Petitioner presently is incarcerated with the Michigan Department of Corrections and housed at the Earnest C. Brooks Correctional Facility. He currently is serving a prison term of 210 months to 50 years, imposed by the Allegan County Circuit Court on September 29, 2006, after Petitioner pleaded guilty to one count of first-degree criminal sexual conduct involving a person under 13 years of age, in violation of Mich. Comp. Laws § 750.520b(l)(a).

Petitioner filed an application for leave to appeal to the Michigan Court of Appeals raising two issues: (1) he was deprived of due process when the sentencing court erroneously scored certain offense variables, resulting in Petitioner receiving a higher sentence; and (2) he received ineffective assistance of trial counsel when his attorney failed to challenge the scoring of certain offense variables found by the trial judge in violation of the Sixth and Fourteenth Amendments. In an order dated October 2, 2007, the court of appeals denied leave to appeal for lack of merit in the grounds presented. Petitioner sought leave to appeal to the Michigan Supreme Court raising the same two issues raised in the court of appeals. However, apparently due to a delay in the mail, Petitioner’s application for leave to appeal was not received until December 3, 2007, beyond the 56-day period for filing such application. See Mich. Ct. R. 7.302(C)(2). The supreme court rejected the application as untimely. Petitioner now raises in his habeas petition the same two claims presented in the Michigan Court of Appeals.

Discussion

I. Lack of Exhaustion

Before the Court may grant habeas relief to a state prisoner, the prisoner must exhaust remedies available in the state courts. 28 U.S.C. § 2254(b)(1); O’Sullivan v. Boerckel, 526 U.S. 838, 842, 119 S.Ct. 1728, 144 L.Ed.2d 1 (1999). Exhaustion requires a petitioner to “fairly present” federal claims so that state courts *367 have a “fair opportunity” to apply controlling legal principles to the facts bearing upon a petitioner’s constitutional claim. See O’Sullivan, 526 U.S. at 842, 119 S.Ct. 1728; Picard v. Connor, 404 U.S. 270, 275-77, 92 S.Ct. 509, 30 L.Ed.2d 438 (1971), cited in Duncan v. Henry, 513 U.S. 364, 365, 115 S.Ct. 887, 130 L.Ed.2d 865 (1995), and Anderson v. Harless, 459 U.S. 4, 6, 103 S.Ct. 276, 74 L.Ed.2d 3 (1982). To fulfill the exhaustion requirement, a petitioner must have fairly presented his federal claims to all levels of the state appellate system, including the state’s highest court. Duncan, 513 U.S. at 365-66, 115 S.Ct. 887; Silverburg v. Evitts, 993 F.2d 124, 126 (6th Cir.1993); Hafley v. Sowders, 902 F.2d 480, 483 (6th Cir.1990). “[S]tate prisoners must give the state courts one full opportunity to resolve any constitutional issues by invoking one complete round of the State’s established appellate review process.” O’Sullivan, 526 U.S. at 845, 119 S.Ct. 1728. The district court can and must raise the exhaustion issue sua sponte when it clearly appears that habeas claims have not been presented to the state courts. See Prather v. Rees, 822 F.2d 1418, 1422 (6th Cir.1987); Allen, 424 F.2d at 138-39.

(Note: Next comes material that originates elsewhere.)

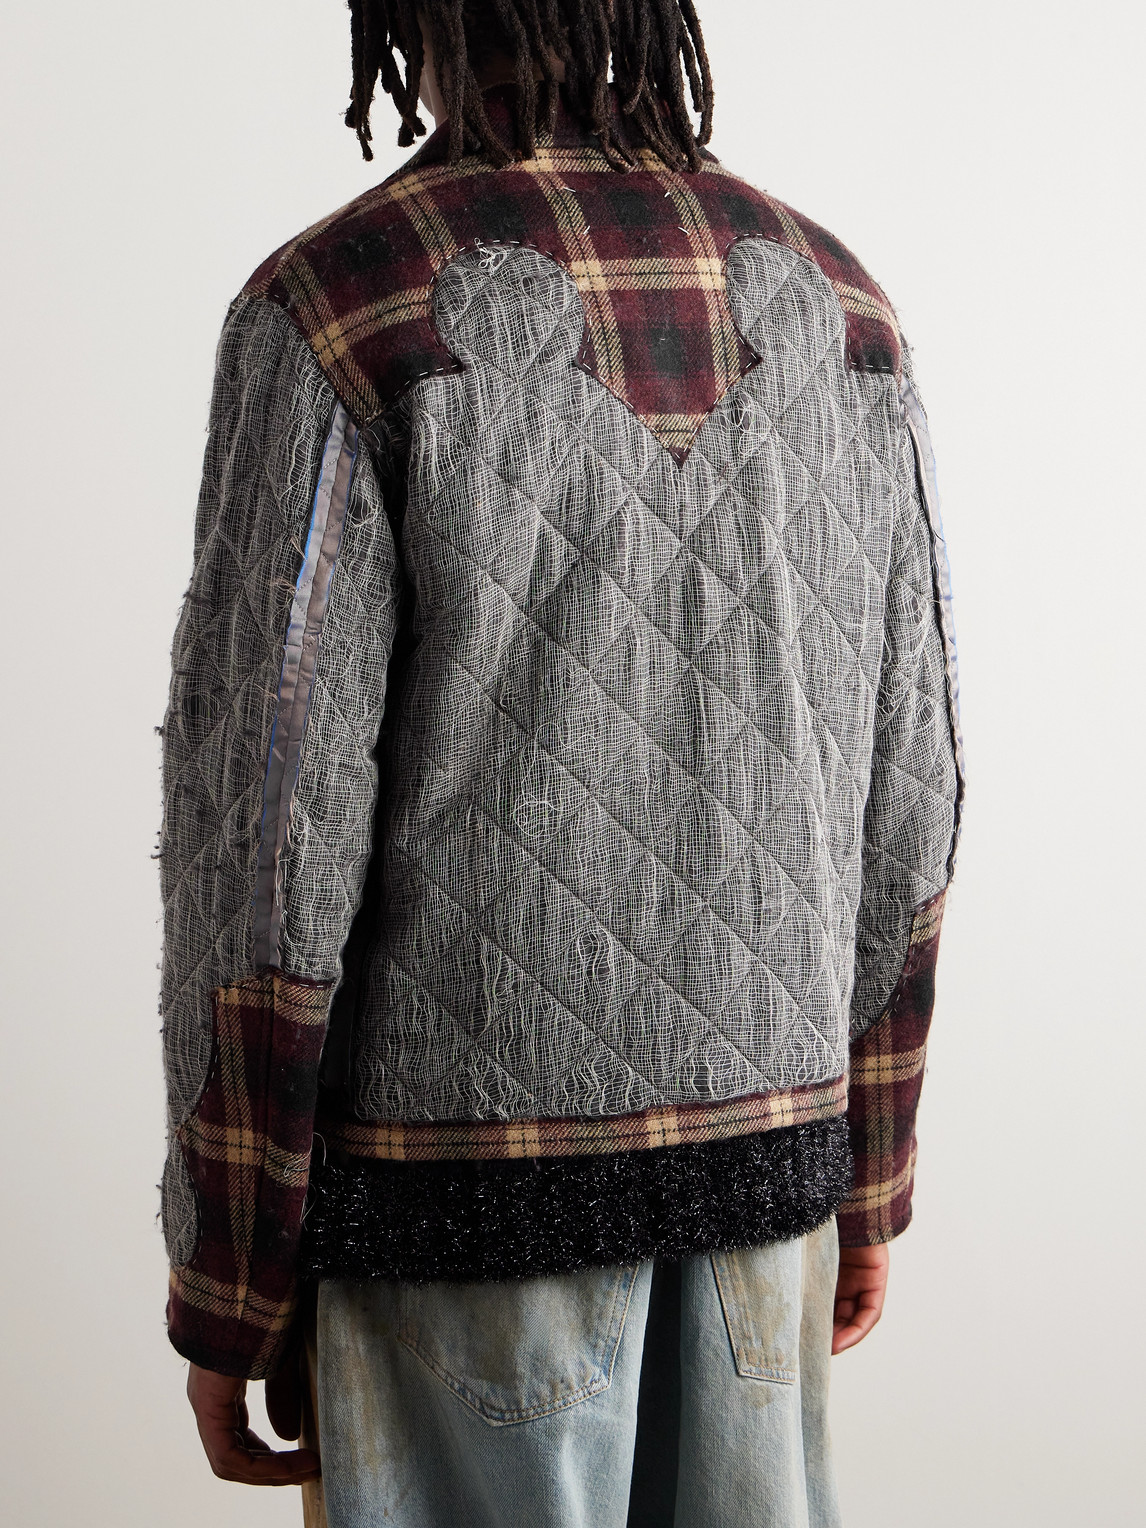 Shop Maison Margiela Pendleton Embroidered Patchwork Checked Wool And Cotton Bomber Jacket In Burgundy

Petitioner bears the burden of showing exhaustion. See Rust v. Zent, 17 F.3d 155, 160 (6th Cir.1994). Petitioner alleges that he attempted to exhaust his remedies through the Michigan Supreme Court but that he was prevented from doing so by an unreasonable delay in the delivery of the mail. Petitioner was advised by the clerk of the Michigan Supreme Court that Michigan Court Rule 7.302(C)(2) categorically states that late applications will not be accepted and provides no exceptions to the time limitation. It therefore advised Plaintiff that it could accept no further filings in the matter. Because Petitioner’s application was rejected and never considered on the merits, Petitioner’s claims were not fairly presented to Michigan’s highest court and are therefore not exhausted. See Black v. Ashley, No. 95-6184, 1996 WL 266421, at *1-2 (6th Cir. May 17, 1996) (“The fair presentation requirement is not satisfied when a claim is presented in a state court in a procedurally inappropriate manner that renders consideration of its merits unlikely.”) (citing Castille v. Peoples, 489 U.S. 346, 351, 109 S.Ct. 1056, 103 L.Ed.2d 380 (1989)); see also Long v. Sparkman, No. 95-5827, 1996 WL 196263, at *2 (6th Cir. Apr. 22, 1996); Fuller v. McAninch, No. 95-4312, 1996 WL 469156, at *2 (6th Cir. Aug. 16,1996).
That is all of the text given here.